Police officer John Buckley was killed Dec. 13, 1935, in the line of duty. But he was almost forgotten by the city he died serving.
Until recently, not a single current police officer knew about Buckley, the only Pittsburg cop to ever die in the line of duty until Officer Raymond J. Giacomelli on April 15, 2003. “It was a big shock,” said Officer Ed Lemons, a history buff who dug up the story from old newspapers. “I was always told we never lost an officer in the line of duty.”
On Monday, the Police Department paid formal tribute to Buckley by presenting its first-ever medal of valor to his surviving sister, a 90-year-old Walnut Creek woman.
The posthumous award honors Buckley for heroism and sacrifice in the line of duty.
“It’s fitting,” said Police Chief Willis Casey, who created the department’s new medal-of-valor program. “And it gives the award a certain dignity.”
The rediscovery of Buckley’s killing was sparked by a conversation between Casey and Lemons last year, in which they discussed the lack of historical photos or other Police Department memorabilia.
Lemons resolved to spend some time researching the department.
Along the way, he talked to a Pittsburg oldtimer who mentioned that a police officer was once shot and killed in the city. At first, Lemons was skeptical.
But he went back to old issues of the Pittsburg Post Dispatch, now part of the Daily Ledger Post Dispatch. The issues were preserved on microfilm at the newspaper’s Railroad Avenue building.
Working off-duty in his spare time, Lemons spent several hours a day for nearly two months reading newspapers dating back to 1920, the year the Police Department was founded.
When Lemons finally ran across the 1935 story about Buckley, it was a big surprise to police.
“Even the longest-serving officers on the department, who had been here something like 24 years, hadn’t heard of him,” Casey said. “(Buckley) had been forgotten a long time ago.”
Newspaper reports gave this account of the shooting of Buckley:
Buckley, 39, was one of two officers called to a 1 a.m. disturbance on Dec. 13 at the old Paloma Café on Second and Black Diamond streets. Inside, a Pittsburg man, who was drunk and had been smoking marijuana, was armed with a .38-caliber revolver and had shot at a phonograph.
When police arrived, Buckley took up a position at the front of the establishment; a second officer went to the back. The man tried to flee out the back, shooting and wounding the second officer.
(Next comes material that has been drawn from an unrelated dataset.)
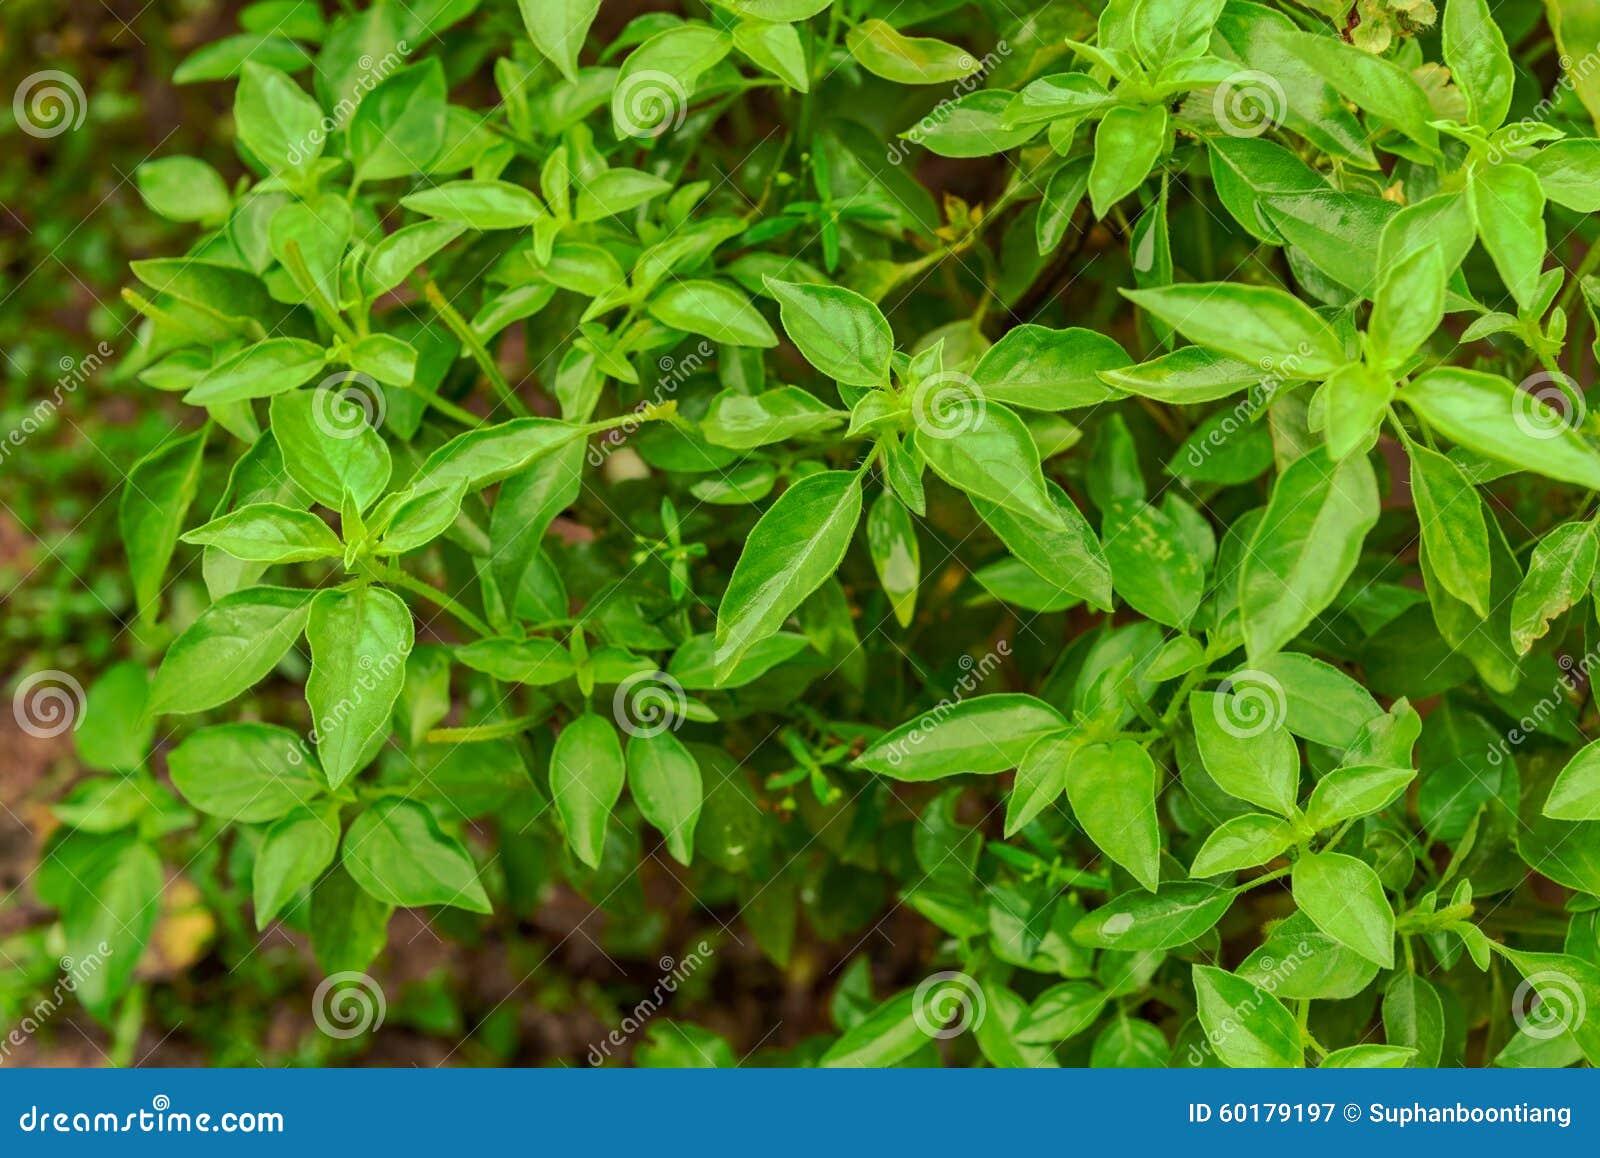 Green Leaves Teen Dreams 38

He then ran to the front of the restaurant, where Buckley apparently tried to grab him.
Buckley was shot once in the chest and died.
If it happened today, the bullet probably would have been repelled by a bullet-proof vest. Unfortunately, those devices weren’t around back then, Lemons said.
The shooter was found later that morning, hiding in a bathtub at a York Street residence. After a shootout with two other officers, he died – with 18 bullet holes in his body.
After Buckley’s death, the City Council offered to name a street after him. But his family declined, and the officer was buried without fanfare at a Martinez cemetery, Lemons said.
As a tribute, the City Council at the time planted a redwood tree at City Park in his honor. Today, there is no plaque at the site, and it’s not certain which of the two redwood trees in the park are his, Lemons said.
But now, more than 38 years later, the city is again considering naming a street after the slain officer, possibly North Parkside Drive, Lemons said.
The slain officer’s sister, Mary Castro, 90, of Walnut Creek, accepted the medal of valor on behalf of her brother at a Pittsburg City Council meeting.
She and eight police officers, including Chief Casey, were on hand for the presentation.
“It’s kind of hard to say how I feel now,” Castro said. “I’m very proud tonight.”